I found myself taking the phone out of the case a lot. This was mostly because it’s thinner and probably a better experience of using it. The thing is, every time I took it out, I found myself reaching for the case 20 minutes later. While it’s better using the single screen, the Dual Screen is just more fun to use. Even if you aren’t using the second screen, it is fun to snap closed or just have two screens open at once.
This in no ways compares to the use or function of the Samsung Galaxy Fold. The Galaxy Fold is meant to be a phone and a tablet, to have one smaller screen and a larger one This is meant to have two screens running two apps. It is not a foldable phone nor is it a serviceable competitor to a truly foldable phone. The Dual Screen is a neat idea that can be useful for the most extreme multitaskers.
Should you buy it?
The question “should you buy it” is asked all too often in phone reviews, and I usually don’t like answering that question, but with such a niche product like this LG V50 ThinQ with the Dual Screen, I believe it’s important. This phone (and case) probably isn’t for you. This phone is for those who want to spend over $1,000 on a phone that’s not made by Apple, Samsung, or Google. People who want to try out the most interesting technology. It’s not the best but it’s not bad. If you are willing to spend over $1,000 on something this weird, I say go for it.

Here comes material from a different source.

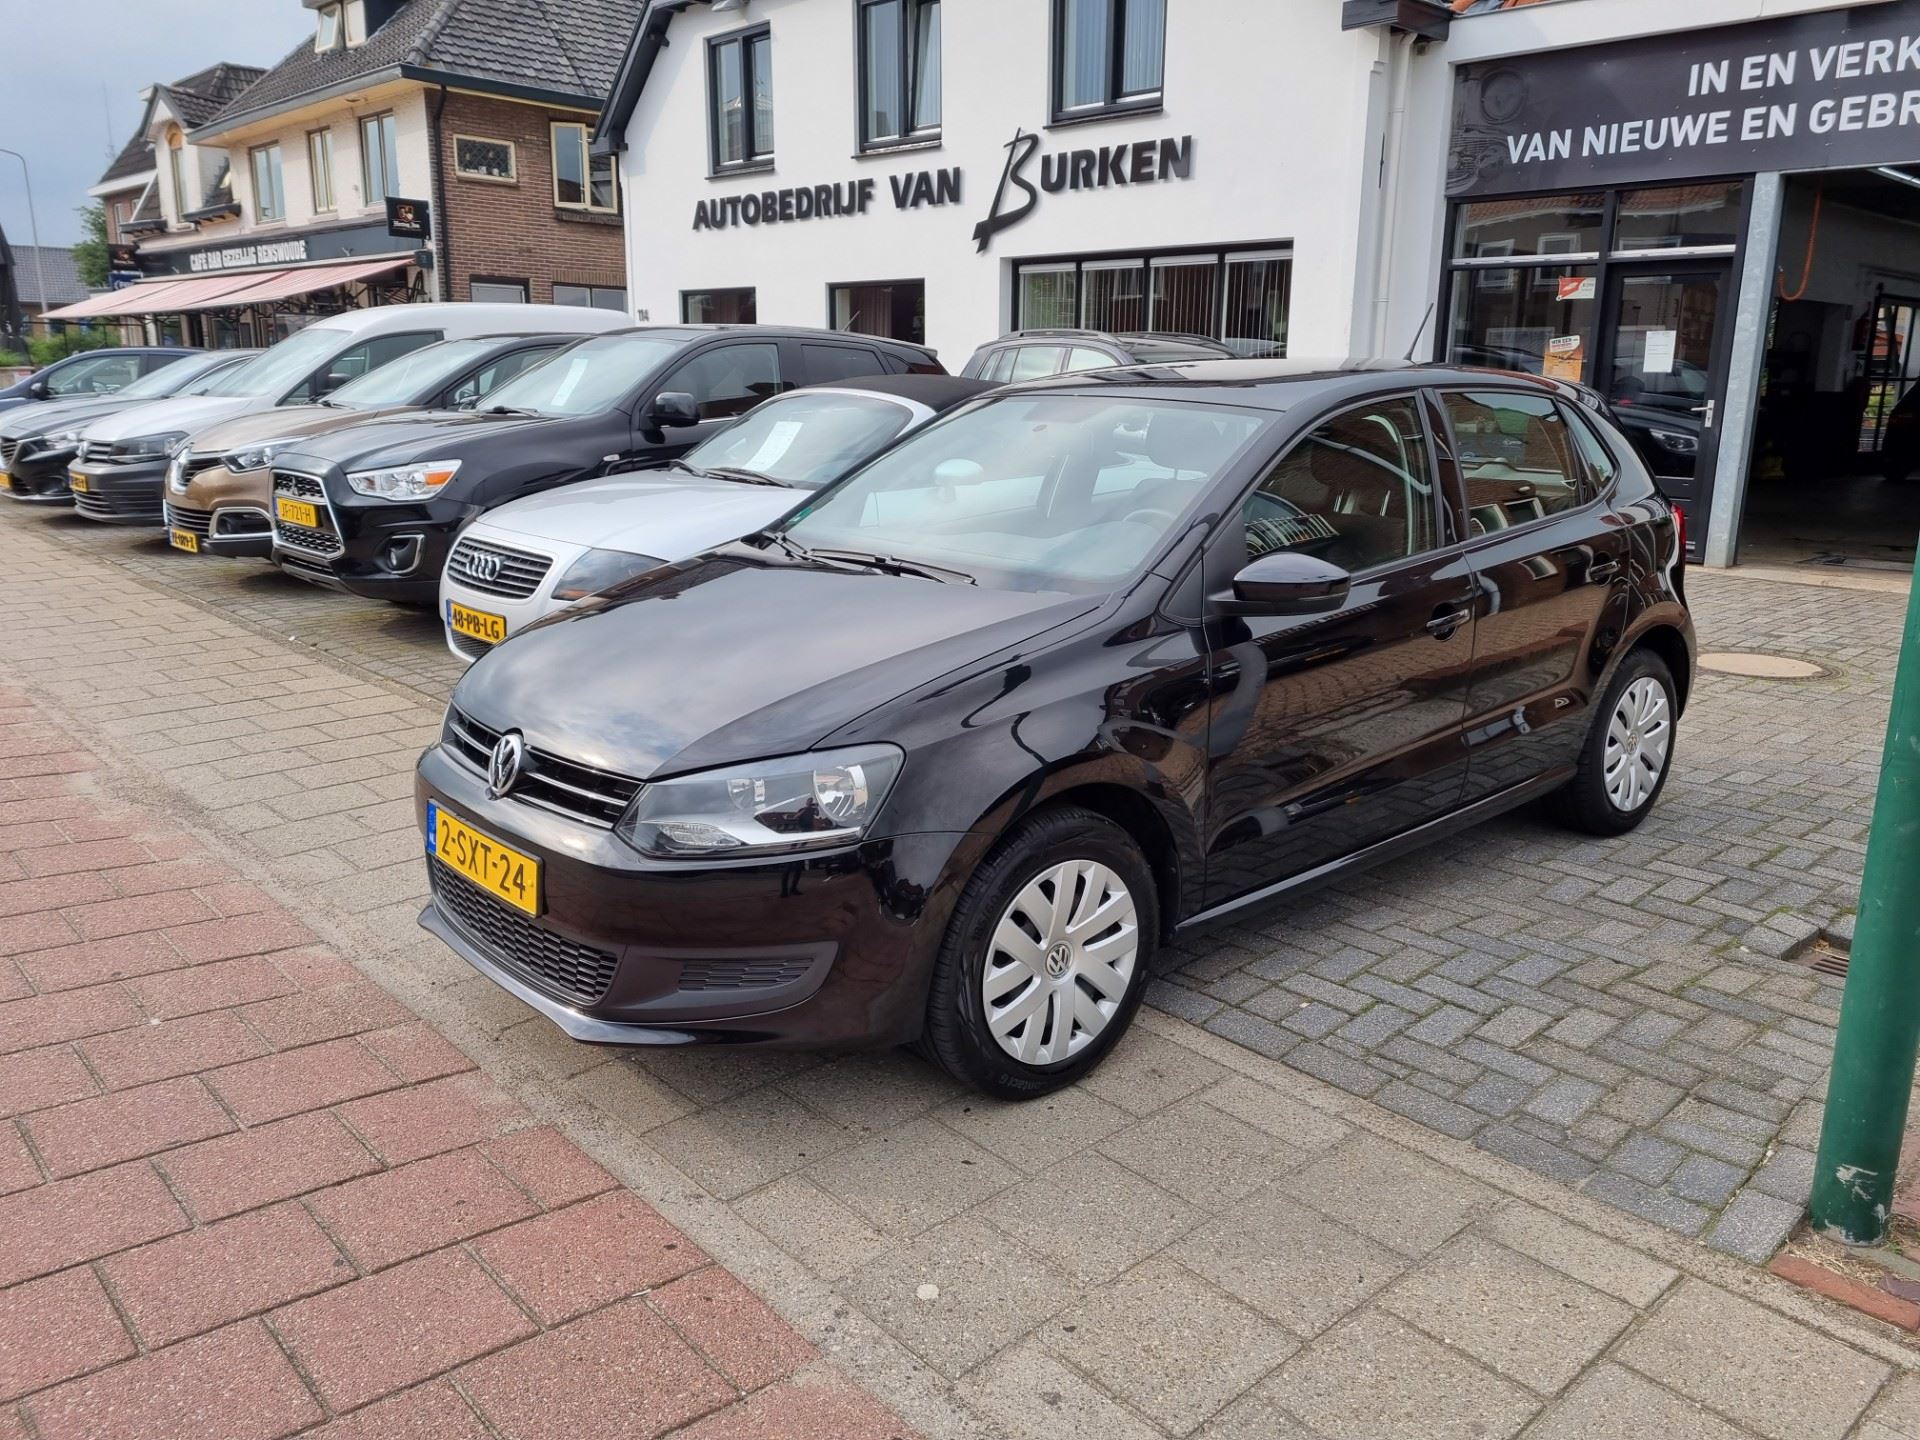 Volkswagen Polo - 1.2 TSI Edition, Trekhaak,Airco,Start/ stop systeem,1ste eigenaar Benzine uit 2014 - www.vanburken.nl

If you are in the niche category of people who might be interested in this device, it is available in both the UK and South Korea. LG also just launched the LG G8X with a better Dual Screen in the box. While I didn’t have a chance to use it yet, it does look like LG upgraded what was “wrong” with the V50’s Dual Screen. Only time will tell if this is something LG plans to stick with in the future.